L'attaque affecte la discussion entre le routeur et l'appareil WiFi. Tous les appareils sont concernés, car cela vient des normes du protocole WPA 2 implémentées partout. Cependant, tous les constructeurs et éditeurs de systèmes d'exploitation n'ont pas implémentés l'ensemble de la norme. Ainsi, pour réussir l'opération, les systèmes d'exploitation devaient laisser passer certaines instructions pour effectuer l'attaque. Les chercheurs ont réalisé des tests : iOS 10.3.1, Windows 7 et 10 ne laissent pas passer la première faille tandis que macOS Mavericks (10.9.5), macOS Sierra (10.12) et OpenBSD 6.1 ne fournissent pas les éléments pour la seconde faille. Android 6.0.1 et les packages de Linux, wpa_supplicant v2.3 à 2.6, ont les failles nécessaires. 41% des Android sont touchés.

Les mises à jour doivent concerner autant les appareils clients tels que les ordinateurs sous Windows, macOS, Linux ou BSD et les appareils mobile (smartphones, tablettes, consoles,...) sous Android, iOS, PlaySOS ou XBoxOS, que les routeurs WiFi, dont ceux inclus dans les box des opérateurs, utilisant souvent Linux et ses packages. Certains constructeurs ont annoncé les mises à jour de leurs appareils WiFi (Aruba de Hewlett-Packard et Ubiquiti l'ont fait). Les packages wpa_supplicant ont reçu leurs mises à jour et Google a annoncé un correctif dans Android. Mais il reste encore à déployer les correctifs sur les différents appareils.

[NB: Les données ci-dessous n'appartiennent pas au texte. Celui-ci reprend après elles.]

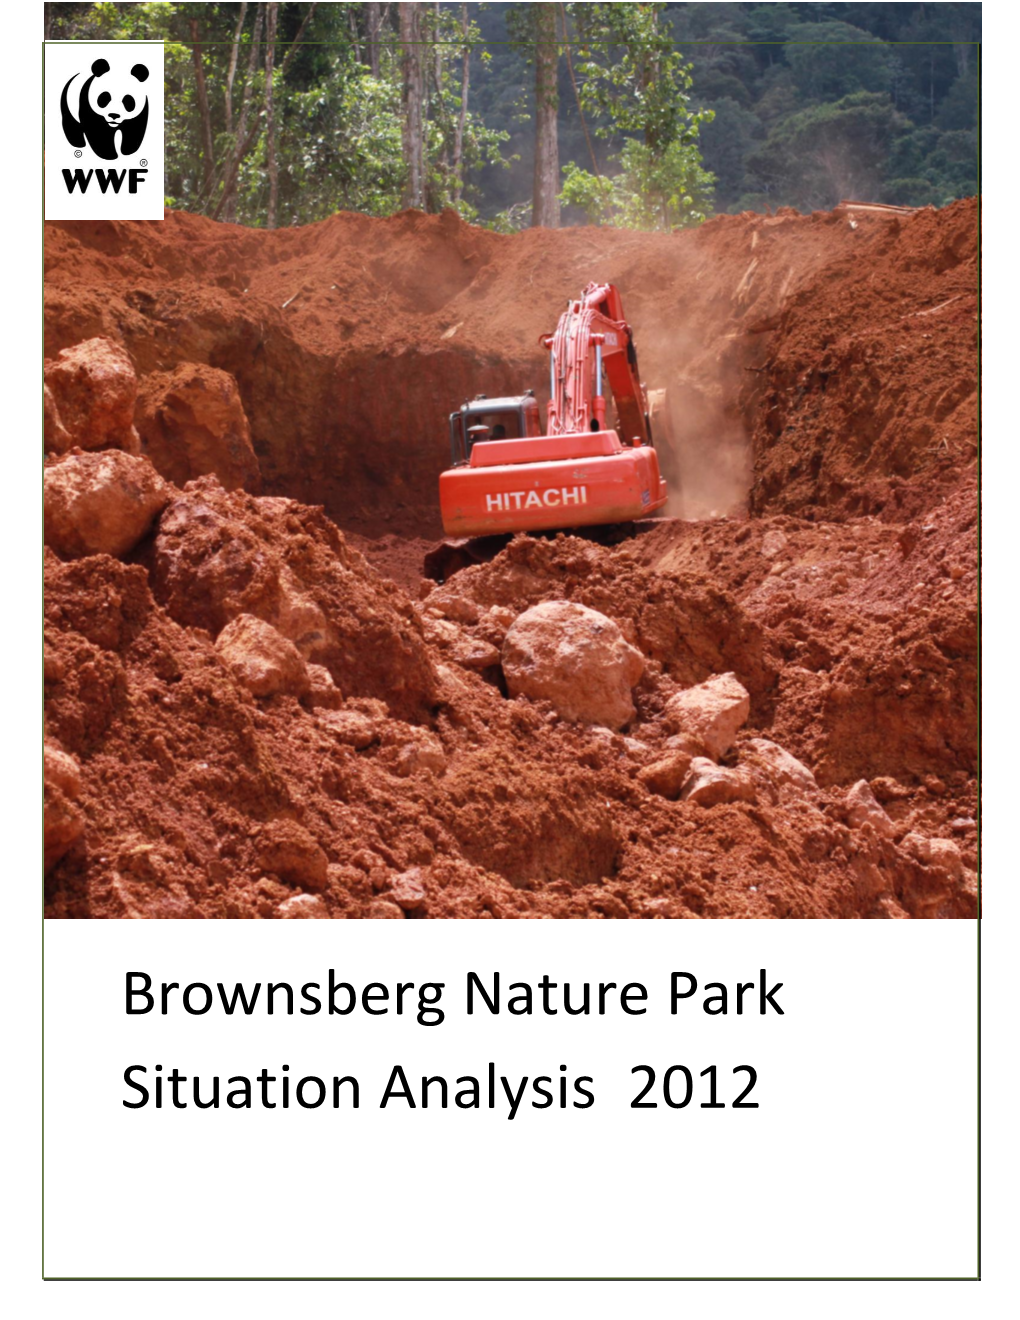 Brownsberg Nature Park Situation Analysis 2012

Pour les utilisateurs, il est recommandé de rester sur WPA 2 dans les paramètres des box. Même s'il est compromis, WPA 2 reste la solution la sécurisée des protocoles pour le WiFi. Le précédent, le WEP, est craqué en moins de 3 minutes... Pour renforcer la protection, il faut privilégier les pages en HTTPS ou le passage par VPN. La dernière solution reste de passer par l'Ethernet ou le CPL.